Security vendor says offshore development needs checks

An executive from Citadel Security Software pointed to offshore software development as one reason for security vulnerabilities in a hearing before a U.S. House Subcommittee Wednesday.

Software companies must add additional controls to the development process for software produced outside the U.S., Citadel CEO Steve Solomon said.

“Software development organizations should be required to have all overseas-developed software examined for malicious capabilities embedded in the code,” Solomon told the House Government Reform Committee’s Subcommittee on Technology, Information Policy, Intergovernmental Relations and the Census. “Industry and government must work together to develop some form of standard or review process to address this growing threat.”

Solomon’s comments were among the few that generated debate in the latest in a series of cybersecurity hearings before the subcommittee. Much of the hearing, which lasted more than two hours, was devoted to government agencies detailing their cybersecurity efforts, but Solomon’s comments drew disagreement from Microsoft and Juniper representatives.

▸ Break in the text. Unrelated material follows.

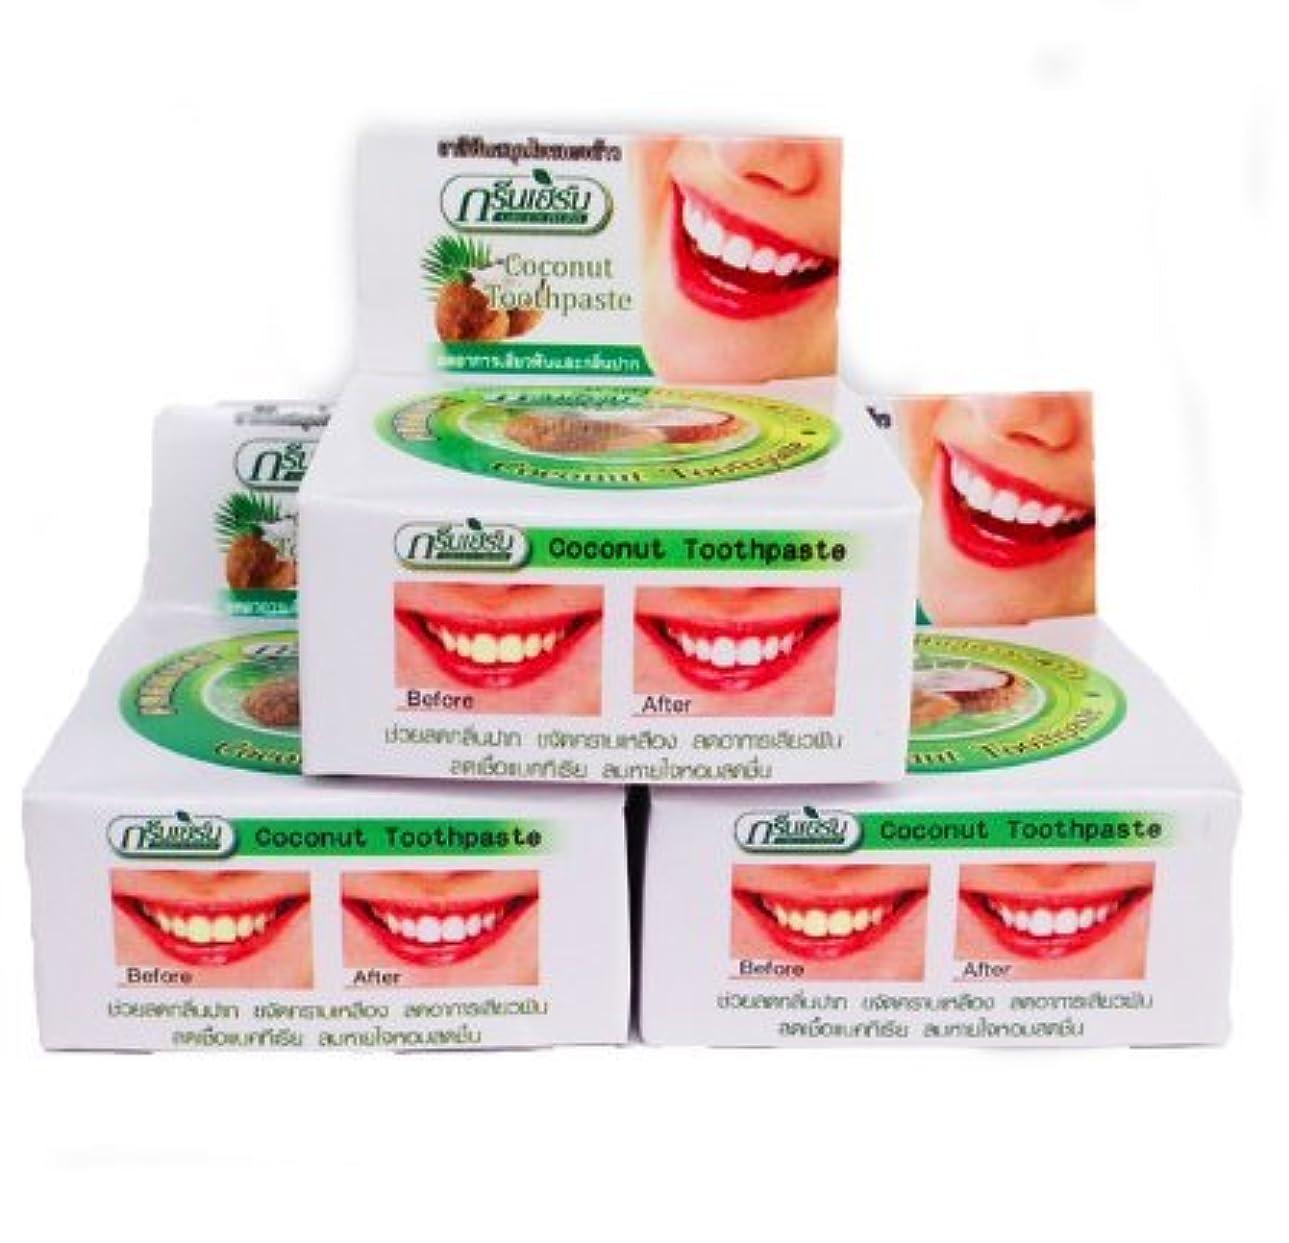 切断する薄暗い超えてASN ハーブ歯磨き粉 10g Thailand Coconut Toothpastes Herbal Clove Toothpaste Teeth Whitening Care 3 pcs. by ASN

“It really doesn’t matter where software is developed,” said Dubhe Bienhorn, vice president of Juniper Federal Systems. “It is a process that requires very tight controls and very intense scrutiny.”

Solomon defended his comments by saying software vendors see offshore development as “easy and cheap.”

“Maybe my colleagues on this panel have (offshore) processes in place,” he added. “A lot of companies don’t.”

Subcommittee chairman Adam Putnam (R-Fla.) focused some of his questions on the patching process after software vulnerabilties are discovered. Asked by Putnam if the patching process and the alert process that accompanies it is working well, Scott Culp, senior security strategist for Microsoft, said he believes software vendors are working hard to notify government and private customers.

“We have a very active interest in making sure as many people as possible know about our mistakes and how to fix them,” Culp said.

Putnam then asked if Culp was generally satisfied with the patch and alert process Microsoft has now. Culp answered that he’s never satisfied. “I’d like to send out a lot fewer of those alerts,” Culp said.

Putnam started the hearing by taking both private companies and government agencies to task for not moving fast enough to address continuing cybersecurity concerns. “As a nation, we have taken very dramatic steps to increase our physical security, but protecting our information networks has not progressed at the same pace, either in the public or in the private sector,” Putnam said. “I remain concerned that we are collectively not moving fast enough to protect the American people and the U.S. economy from the very real threats that exist today … The time for action is now.”

Solomon also suggested that companies that rely on patch management services have “false security” because they are missing larger problems, such as the lack of broad security policies and recovery after attacks. “On average, only 30% of an organization’s verified vulnerabilties relate to patching, leaving their networks exposed to the remaining 70% of the problem, which are more dangerous and easily exploited,” he said. “These products do not address the problem of full life-cycle vulnerability management, and effectively become part of the problem.”

Louis Rosenthal, executive vice president of ABN AMRO Services, called on the subcommittee to find ways to encourage software vendors to “accept responsibility” for the role their products play in supporting U.S. critical infrastructure. He also asked the subcommittee to support a measure making software vendors more accountable for the quality of their products and for continuing patch support for older, but still viable, versions of their software.

Incentives such as tax breaks, cybersecurity insurance and lawsuit reform could help software companies make more secure products, Rosenthal added.

Meanwhile, the U.S. Department of Homeland Security (DHS) is working with private companies to pump up the programs offered by US-CERT, the government’s computer emergency readiness team, said Amit Yoran, director of the National Cyber Security Division at DHS. US-CERT launched a national cyber alert system in January, and around mid-year it plans to roll out a partner program to encourage private companies and universities to work with government agencies. Goals of the partner program include the better sharing of information on cyber threats, improving cyber response and increasing discussion about cybersecurity, Yoran said.

Representative William Lacy Clay (D-Miss.) asked Yoran if the private sector was working with DHS on improving cybersecurity or whether there were “pockets of resistance.”

Yoran said he saw little reluctance from private companies. “We’ve been encouraged by the enthusiasm of the private sector to partner with the Department of Homeland Security,” he said.